Thursday, Sept. 24, 1998 | 10:23 a.m.

HYDROPLANE FANS shouldn't miss the boats out at Lake Mead this weekend. Because indications are the Las Vegas Cup, trying to stay afloat in a sea of limited interest -- both the financial and the literal kind -- is apt to go down for the third time.

The Las Vegas Cup is the third installment of unlimited hydroplane racing at Lake Mead. In its first reincarnation during the late 1980s, the Las Vegas/ Budweiser/Silver Cup runneth over as a successful sporting event, or at least a really cool way to get a suntan.

Best guestimates placed the three-day weekend crowds as high as 200,000 spectators in those days. Many came to watch Miss Budweiser and Miss Miller High Life race deck-to-deck at 200 mph; just as many (if not more) came to guzzle Budweiser and Miller High Life and ogle the sleek chassis -- and we're not talking about the hydroplanes -- on Boulder Beach.

Last year, however, the shoreline was about as populated as the one at Amityville during shark season. Boulder Beach doesn't smell like Hawaiian Tropics any more. In fact, with most of the diehard race fans queing up for NASCAR tickets out at Las Vegas Motor Speedway, hairy guys in tank tops outnumber the swimsuit models by about 10-to-1.

There are a lot of reasons the Las Vegas Cup is destined to wind up in Davy Jones' locker (the LVCVA is "seriously reviewing" its sponsorship commitment, according to insiders), with the opening of LVMS probably being the biggest. With Winston Cup stock cars and Indy cars running circles around Richie Clyne's maginificent 1 1/ 2-mile oval, the hydroplanes' monopoly on professional motor sports here dissolved like an Alka Seltzer in Dean Martin's water tumbler.

The sight lines for boat racing at Lake Mead are horrible, with the distance between the race course and the shoreline precluding fans from feeling the thunder of the mighty turbine engines, or feeling the spray of the majestic rooster tails they produce. Forget the binoculars. You won't see much without a spyglass this weekend.

But these are factors indigenous to Las Vegas. The sport as a whole recently has encountered more rough water than the U.S.S. Minnow on its three-hour cruise.

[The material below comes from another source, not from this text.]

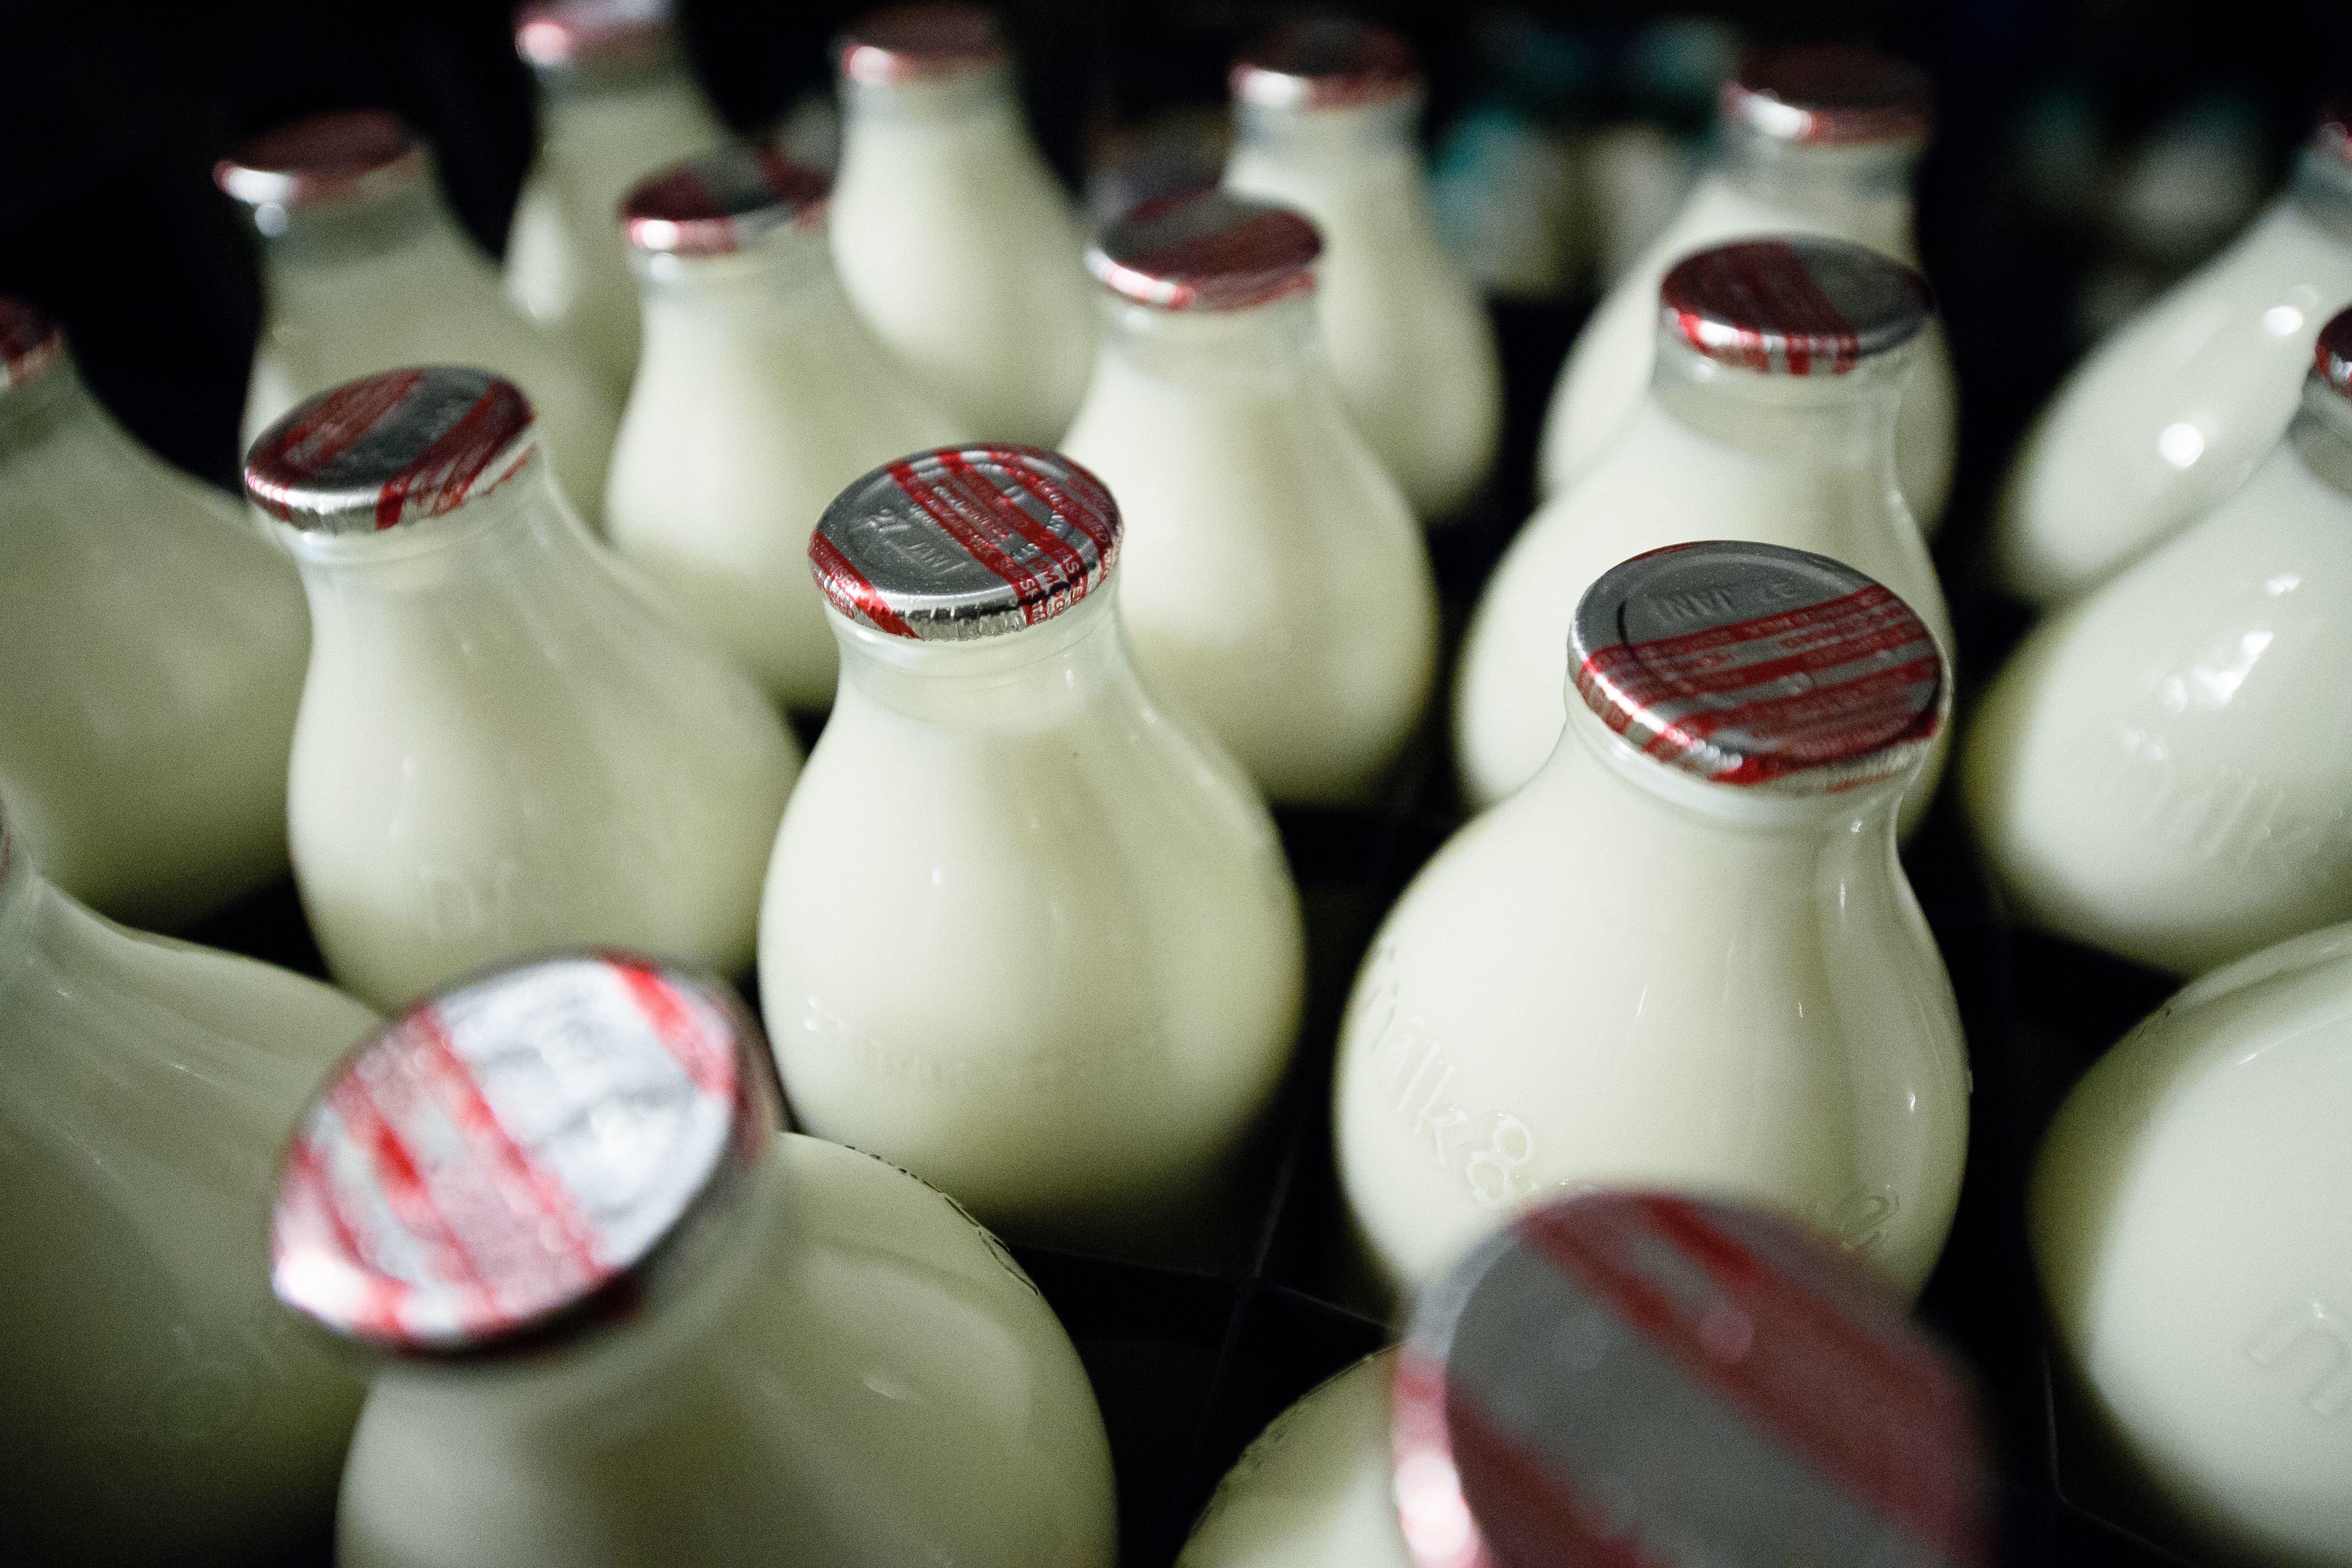 Τελικά τα γαλακτοκομικά χαμηλών λιπαρών είναι καλύτερα από τα πλήρη;

Only eight boats are entered for Las Vegas, and two of those probably won't race after being damaged beyond repair in crashes at San Diego last weekend. Leadership is sorely lacking, as the circuit has had more commissioners (3) than winners (2) this season. The team with all the money (Miss Bud) wins nearly all the races, only the average fan doesn't know it, because media coverage of the hydroplanes is practically nonexistent.

The tour didn't even publish a media guide this year and unless you're up around 4 a.m. and get ESPN2, chances are you haven't seen the hydros on TV, either.

"As long as the owners are running the show, trying to protect their own interests instead of thinking about the future of the series, the future is doomed," is the way Chip Hanauer, the retired 10-time Gold Cup champion and the closest thing boat racing has to a household name, put it in a published report last weekend.

So if you're heading out to the lake this weekend, bring a life preserver. The sport may need it.